-
Notifications
You must be signed in to change notification settings - Fork 130
Description
Description of the problem
This is a very large site with over 600,000 rows in the exp_files table.. So, these performance things probably aren't noticed by most people/most sites.. But, at this scale, just opening an entry to edit in the CP or saving it if there are any file fileds takes much longer than needed.
The issues seems to be related to the (long join) query that EE does with the exp_files.file_name in the where clause.. EE does a BINARY type on that query. Example:
WHERE ( File_files.model_type= 'File' AND BINARYFile_files.file_name= 'Day_two_-_1066.jpg' ANDFile_files.upload_location_id= '6' ANDFile_files.site_id = 1 ) LIMIT 1
That "BINARY" in the SQL where clause basically sets the comparison on the file_name to be case-sensitive. We did some testing, and ulimately, we changed the exp_files.file_name column from varchar 255 to varbinary 2040. (db string type fields: varchar, text, etc.) have a storage size in characters.. varbinary uses bytes.. So, I converted 255 characters to 2040 bytes, to ensure no existing data was truncated).
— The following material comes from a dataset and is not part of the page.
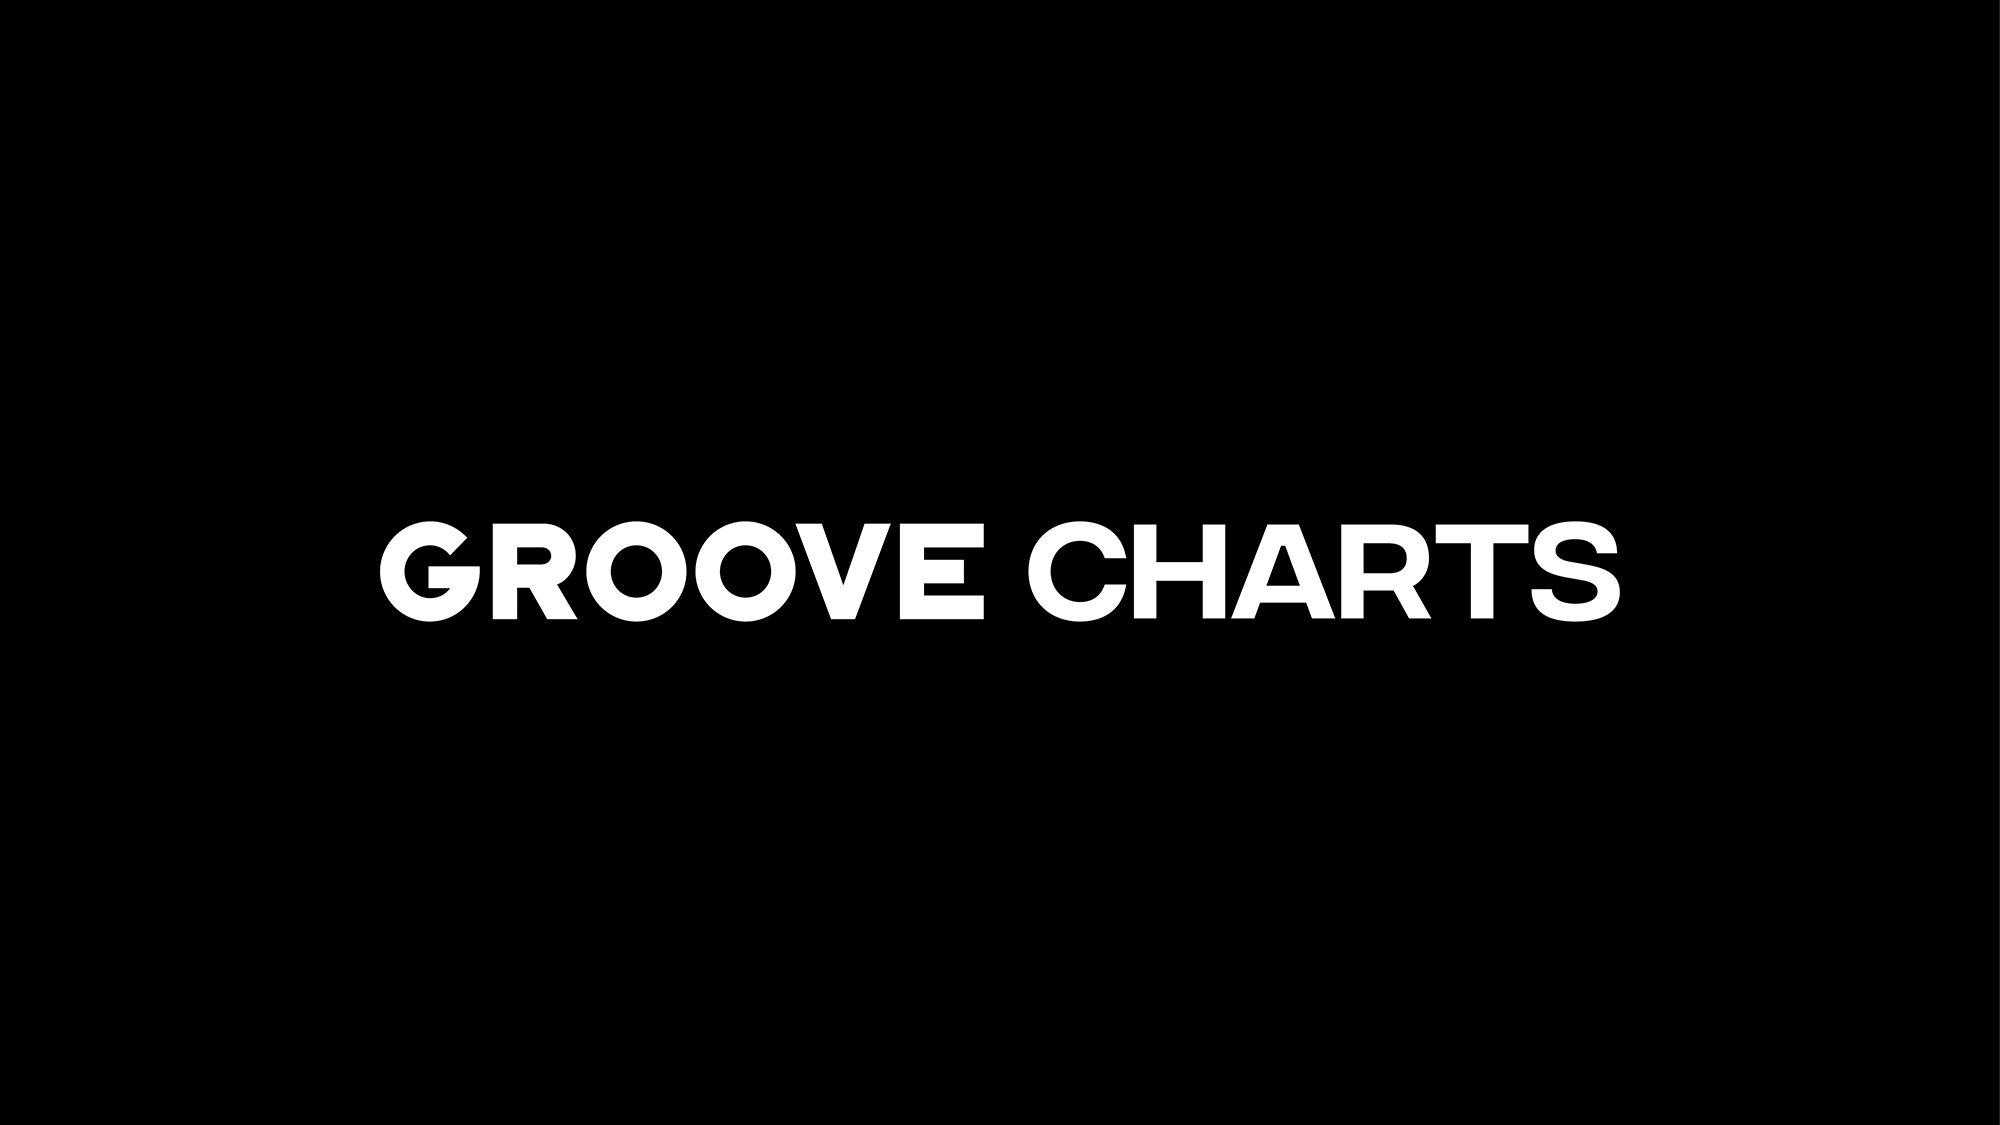 Groove DJ-Charts mit DJ Plead, Etapp Kyle, Lola Haro und Muting The Noise

We also indexed that column since EE is using that field in "where" clauses of queries. Then we edited the following file for this:
/admin/ee/ExpressionEngine/Model/File/FileSystemEntity.php
commented out line 38 which sets the "file_name" column for the binary_comparison to remove the addition of the "BINARY" in there and we are seeing SUBSTANTIAL performance improvement.
A channel entry with a single file first party EE file grid field with 10 images..
Before changing:
opening to edit took about 6 seconds
saving took about 10 seconds.
After changes:
opening to edit to about 2 seconds
saving took about 3 seconds.
The BINARY sql statement forces a case-sensitive comparison.. BUT, for a file name column in the DB, there should never be a case-insensitive comparison needed to be made. AND since (at least on unix/linux) the file system is case-sensitive, it makes sense to just make that db column a varbinary.. then index it.. Then you can do just a standard SQL query/comparison, without forcing the BINARY type... since the DB already takes care of that..
To follow up with this.. After testing through our dev site.. We implemented these changes on our live site. A very robust server with 16 processors and 32 GB RAM..
A single channel entry with only 2 native EE grid file fields in it..
1 has 2 images, the other as 36..
Before these changes it took 24 seconds to just load the entry in the CP.. Now loads in 1.2 seconds.. It took 36 seconds to save the entry.. now saves in less than 3 seconds..
I dont' beleive the performance issues to be related to file size.. we tested with even small images do the same.. It's related to the exp_files table size, and how long the query takes to execute.
All this time, I thought it was just Ansel fields that were the bog-down in the Control Panel.. BUt, we've removed Ansel.. So, these are all native EE file grid fields and still saw the performance problems... which led us to this deep-dive testing and, seemingly, straight-forward solution.